Speaker
Description
The Compact Muon Solenoid (CMS) experiment is one of four large experiments at the Large Hadron Collider (LHC) and significant upgrades are planned for all experiments and the accelerator facilities to get ready for the High Luminosity era (HL-LHC). As HL-LHC aims to significantly increase the collision rates, thus providing more data for particle physics experiments, upgrades to handle the increased data rates and radiation levels are needed.
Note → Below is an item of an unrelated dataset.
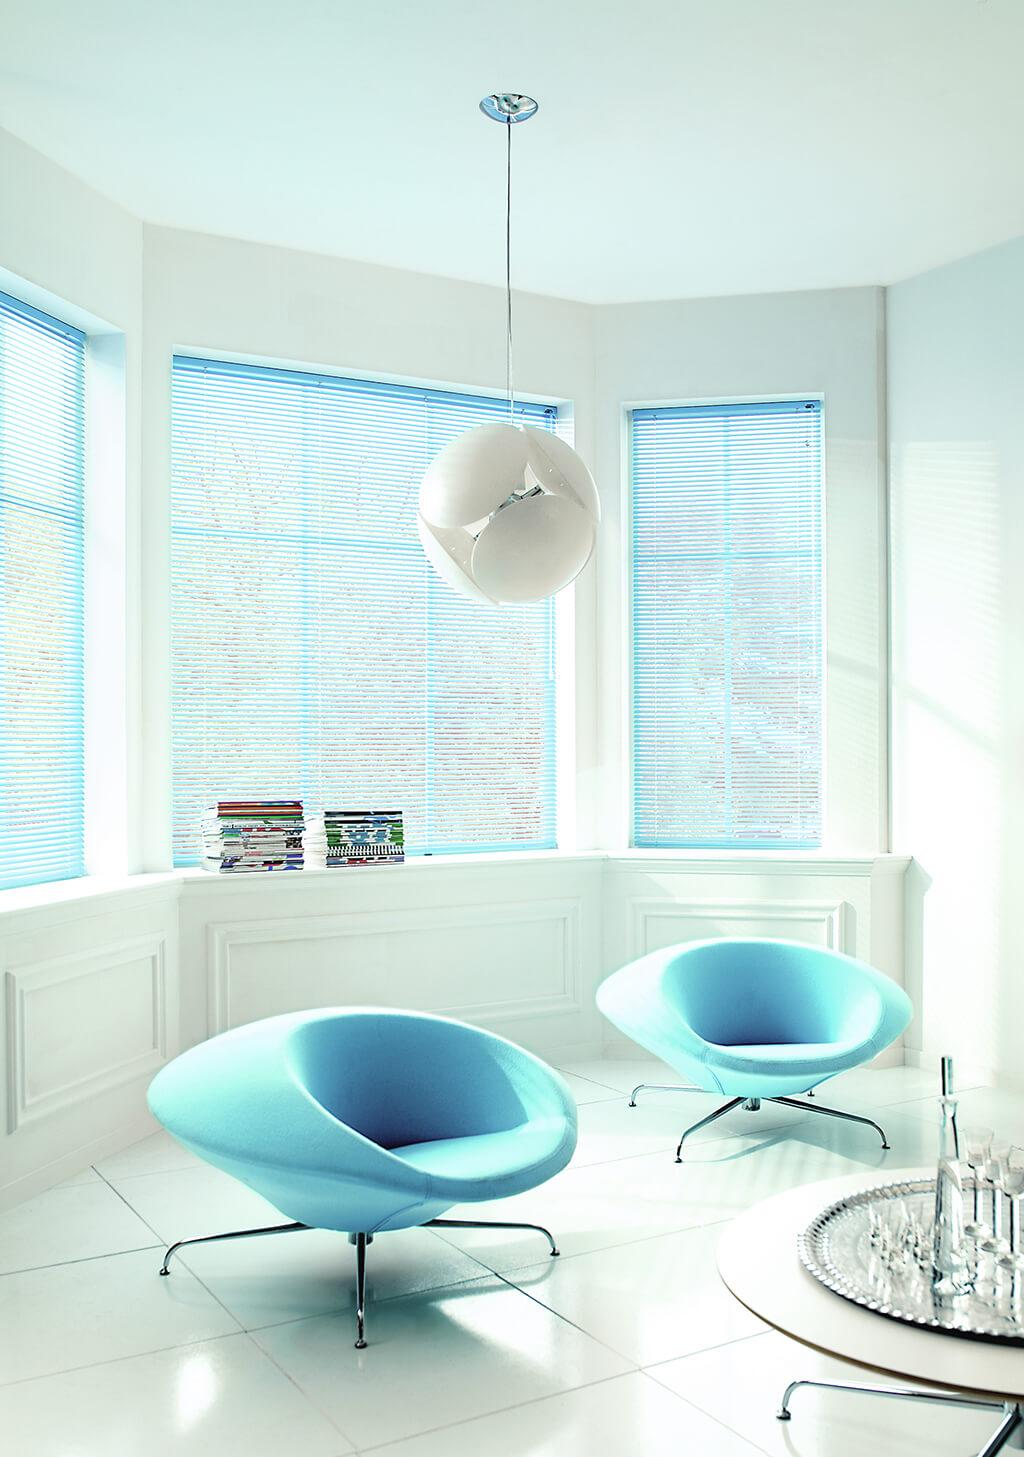 Hellblaue Alu-Jalousie mit schmalen Lamellen an Erkerfenstern im weiß-blau gehaltenen Wohnzimmer

One solution is the introduction of a new detector sub-system in CMS that would work as a timing layer with a time resolution on the order of tens of picoseconds, the MIP Timing Detector (MTD where MIP stands for Minimum Ionizing Particle). It will consist of a barrel timing layer (BTL) situated between the outer tracker and the electromagnetic calorimeter and endcap timing layer (ETL) situated just in front of the high granularity calorimeter.
As the control of MTD should be compatible with all detector systems at CMS, the MTD will be controlled and monitored using detector control system (DCS), designed using centrally approved tools: WINCC OA, JCOP framework and CMS-made components. The primary purpose of a DCS is to ensure the safe and efficient operation of the detector, monitor and collect data on its performance, and respond to any issues that may arise during operation.
This contribution will outline the development of the DCS for the MTD sub-system at CMS, with a particular focus on the current single-tray prototype system implemented for the BTL test-bench at the Tracker Integration Facility (TIF) at CERN. Additionally, the detector safety system (DSS) and the associated hardware interlock system will be discussed. Finally, the early design on the final DCS, including the design of the Final State Machine (FSM) and the hardware components will be discussed.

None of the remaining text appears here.